A windowless gaseous tritium source at 10¹¹ decays per second feeds electrons into a differential pumping and cryogenic trapping section, then into a 10 m × 23 m main spectrometer operating as a MAC-E filter. The retarding potential is scanned in small steps near the endpoint; transmitted electrons are counted by a segmented silicon detector. The integral-spectrum shape is fit for m(νe)².

Key results

2019: first commissioning results with preliminary upper limit on neutrino mass.
2022: m(νe) < 0.8 eV (90% C.L.), world-leading direct upper limit.
2024: m(νe) < 0.45 eV (90% C.L.) with three campaigns of data — world-leading.
Design sensitivity 0.2 eV over 5 years of data.

Significance

KATRIN provides the most sensitive model-independent limit on the absolute neutrino mass scale. The measurement is complementary to cosmological bounds (which depend on ΛCDM assumptions) and to neutrinoless double beta decay limits (which assume Majorana nature). A KATRIN signal — or continued non-observation — anchors one corner of the multi-dimensional constraint on absolute mass, ordering, and Majorana phase.

The endpoint technique

The maximum kinetic energy an electron can carry in tritium beta decay is set by the Q-value of the transition minus the neutrino rest mass energy. A finite neutrino mass displaces the endpoint downward by $m_{ν_{e}} c^{2}$ and distorts the spectrum shape in a narrow window just below. The fraction of decays within the last few eV of the endpoint scales as $(m_{ν} / Q)^{3}$ , heavily favoring low- $Q$ isotopes. Tritium, at $Q = 18.574$ keV, is the most practical choice.

The apparatus

KATRIN comprises five sequential sections spanning 70 m of beamline:

Windowless Gaseous Tritium Source (WGTS) — a 10-meter-long beam pipe at 30 K with continuous tritium gas injection, producing ~ $1 0^{11}$ β-decays per second with precisely controlled column density
Differential pumping section — suppresses tritium flow by a factor of $1 0^{14}$ while preserving electron transmission through axial magnetic fields
Cryogenic pumping section — traps residual tritium on a cold argon frost
Pre-spectrometer — a smaller MAC-E filter rejecting electrons below ~18 keV
Main spectrometer — the 10 m × 23 m, 150 kV retarding potential filter, under ultrahigh vacuum ( $< 1 0^{- 11}$ mbar), producing an energy resolution of 1 eV at the endpoint
Focal-plane detector — a 148-pixel silicon detector counting the transmitted electrons

The MAC-E (Magnetic Adiabatic Collimation with Electrostatic filtering) principle uses a gradient of magnetic field strength to align electron momenta to the axis, so the electrostatic filter measures total kinetic energy rather than just the axial component.

Key systematic challenges

KATRIN’s statistical goal of 0.2 eV sensitivity demands control of many systematic effects:

High-voltage stability to 3 parts in $1 0^{6}$ on the retarding potential
Magnetic-field uniformity and alignment
Electronic and rotational-vibrational final states of the $^{3}$ HeT $^{+}$ daughter ion
Tritium column-density stability and isotopologue composition
Source-plasma effects on the electron energy

An extensive calibration program, including a dedicated gaseous $^{83 m}$ Kr source with a sharp monoenergetic conversion line at 17.8 keV, measures many of these in situ.

Results

KATRIN’s published results have progressively tightened the neutrino mass limit:

KNM1 (first science run, 2019): $m_{ν_{e}} < 1.1$ eV
KNM2 (2020): $m_{ν_{e}} < 0.9$ eV
KNM1+2 combined (2022): $m_{ν_{e}} < 0.8$ eV
KNM1+2+3+4+5 combined (2024): $m_{ν_{e}} < 0.45$ eV at 90% C.L.
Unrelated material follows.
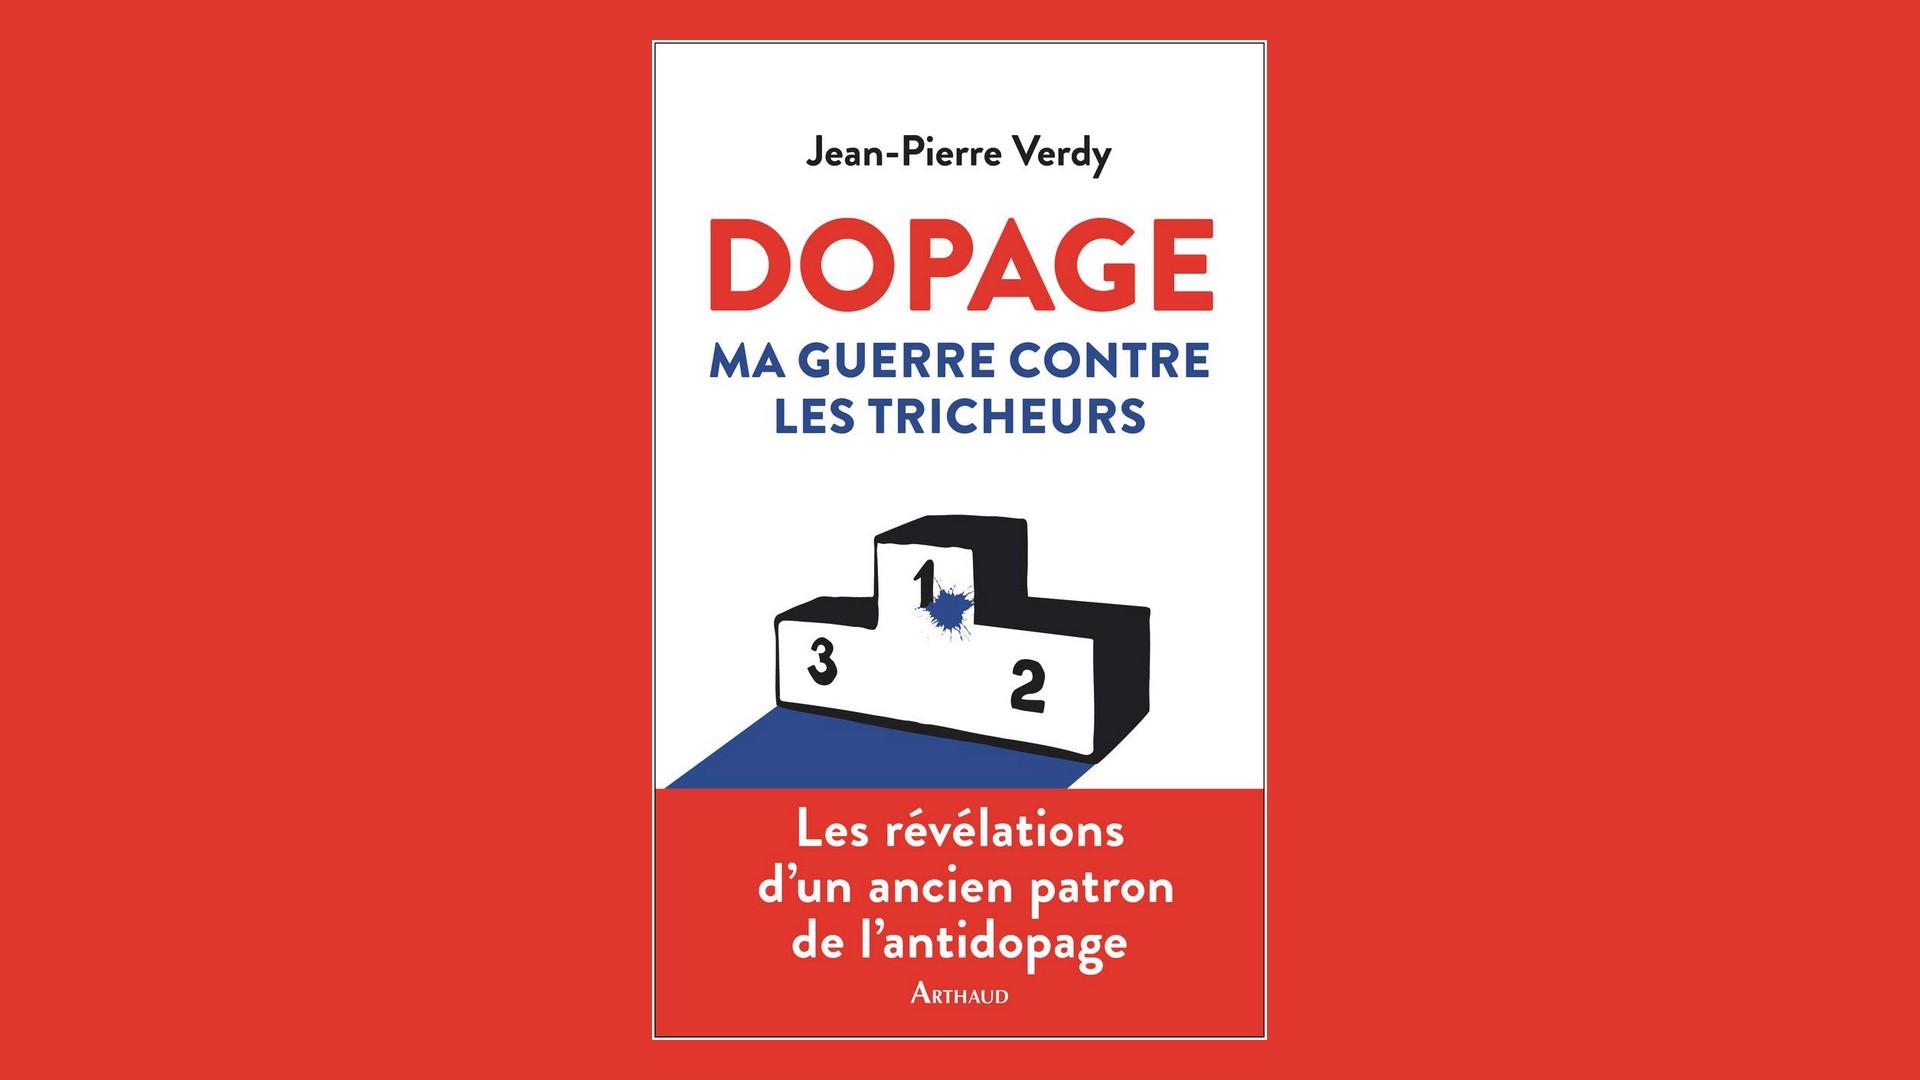 JEAN-PIERRE VERDY : DOPAGE. MA GUERRE CONTRE LES TRICHEURS

All limits are world-leading model-independent bounds. The effective mass measured is $m_{ν_{e}}^{eff} \equiv \sum_{i} ∣ U_{e i} ∣^{2} m_{i}^{2}$ an incoherent sum weighted by the PMNS first row.

Future

KATRIN is designed to continue through 2025 with its full dataset targeting 0.2 eV sensitivity. Beyond KATRIN, Project 8 uses cyclotron radiation emission spectroscopy to measure single tritium decays in a magnetic trap, with the goal of sub-40-meV sensitivity — below the minimum allowed by inverted ordering. Atomic tritium sources would remove the molecular final-state systematics that currently limit KATRIN.